In the First Appearance Competition, Simon Lereng Wilmot took home the prize with his film The Distant Barking of Dogs, which follows a 10 years old orphan named Oleg over the course of a year. The boy lives in Hnutove, an abandoned town just minutes from the war zone where Ukrainia and pro-Russian forces fight. The film raised awareness in the events happening on that side of Europe, where Oleg and his grandmother confront the reality of living in terror every single day. 
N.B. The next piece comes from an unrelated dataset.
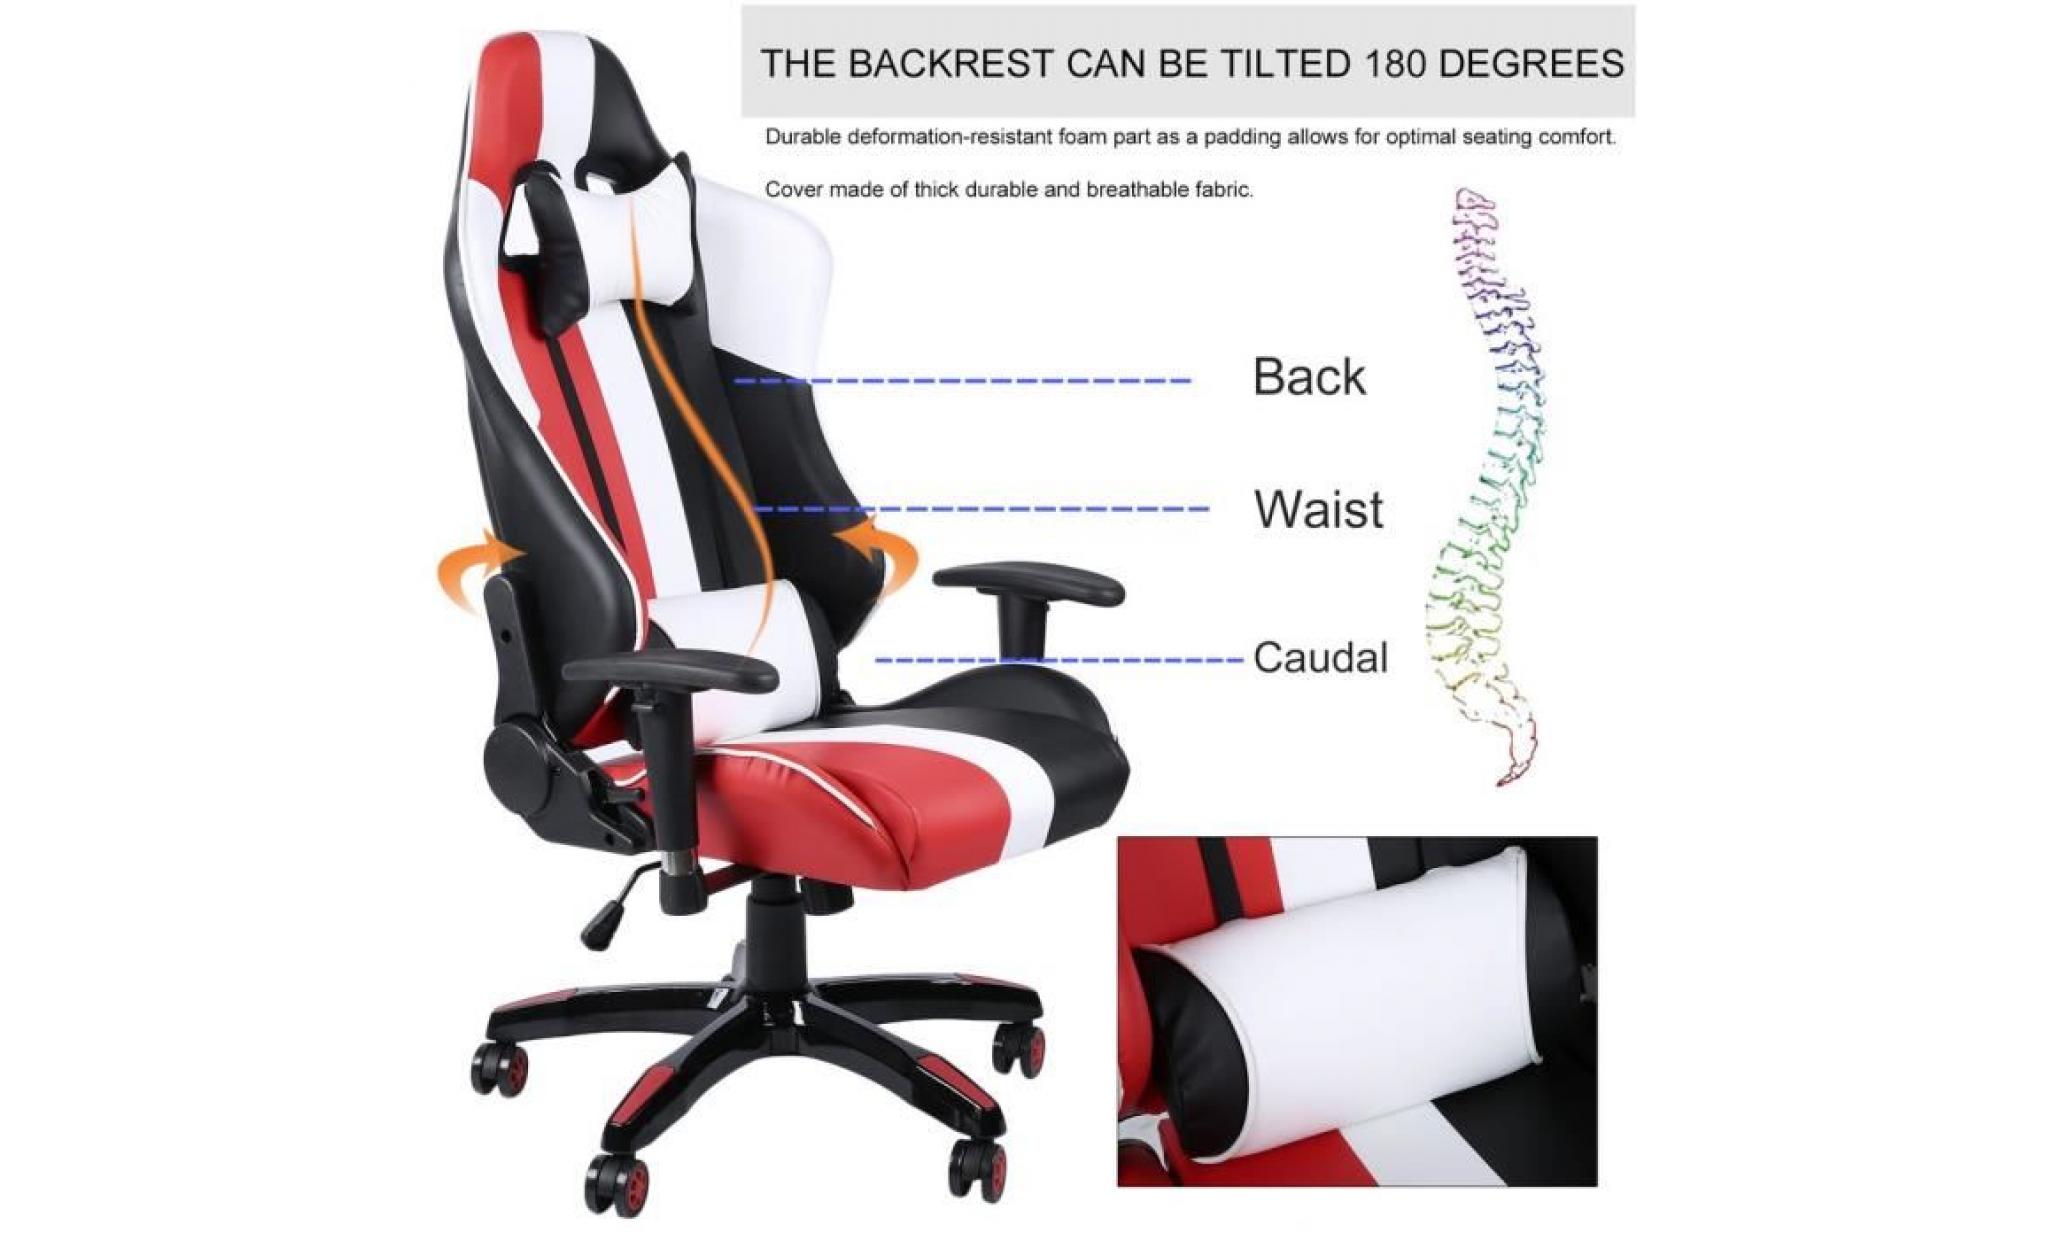 rouge+blanc+noir style moderne mélange fauteuil chaise de jeu pu cuir luxe cybercafé reins protection pas cher

As a signifant fact, the 30th edition of the festival presented a total of 312 films in his program and twenty six of them are from different parts of Latin America, which is a very impressive number. 

 

 

Winning this year’s Amsterdam Human Rights Awards, Brazilian Renata Terra’s Piripkura was the Jury’s favorite. The film follows Jair Candor, a man that works in an indigenous affairs agency called FUNAI, who ventures into one of the Amazon’s protected indigenous lands. Piripkura was described by the jury as “a film with poignant, exceptional story, the filmmakers tackle a broad series of issues that should be high up on the international human rights agenda”. 

 

 

In the Medium Length Film Competition, the IDFA Prize was awarded to Martin Benchimol and Pablo Aparo’s El Espanto. The film takes a look at a little town in Argentina, where medicines are replaced by home remedies to treat all sorts of diseases, except for “El espanto”, a rare condition that can only be cured by an old man that no one dares to visit.

In the Student Competition, Brazilian Denise Kelm Soares won the Special Jury Prize with the film “I Am”, a Cuban/Brazilian co-production. The rest of Latin American representation at IDFA was composed of films from Bolivia, Colombia, Uruguay, Nicaragua and Cuba.

Another interesting discovery was the first timer special program “The Visual Voice”, in which 18 renowned directors tackle the perspectives of the future by taking a documentary from the past thus constructing new meanings from them. Director Heddy Honigmann selected The Gleaners and Me, the legendary film from Agnès Varda, whereas director Jorgen Leth picked Joao Moreira Salles’s classic Santiago. Other remarkable filmmakers like Frederick Wiseman and Victor Kossakovsky also took part in this unique experiment.

As we wait for a new Artistic Director, Ally Derks’s departure signifies the end of an era and the beginning of a new one, with the festival already shifting gears to address new issues in today’s cinema trough the creation of new programs and competitions.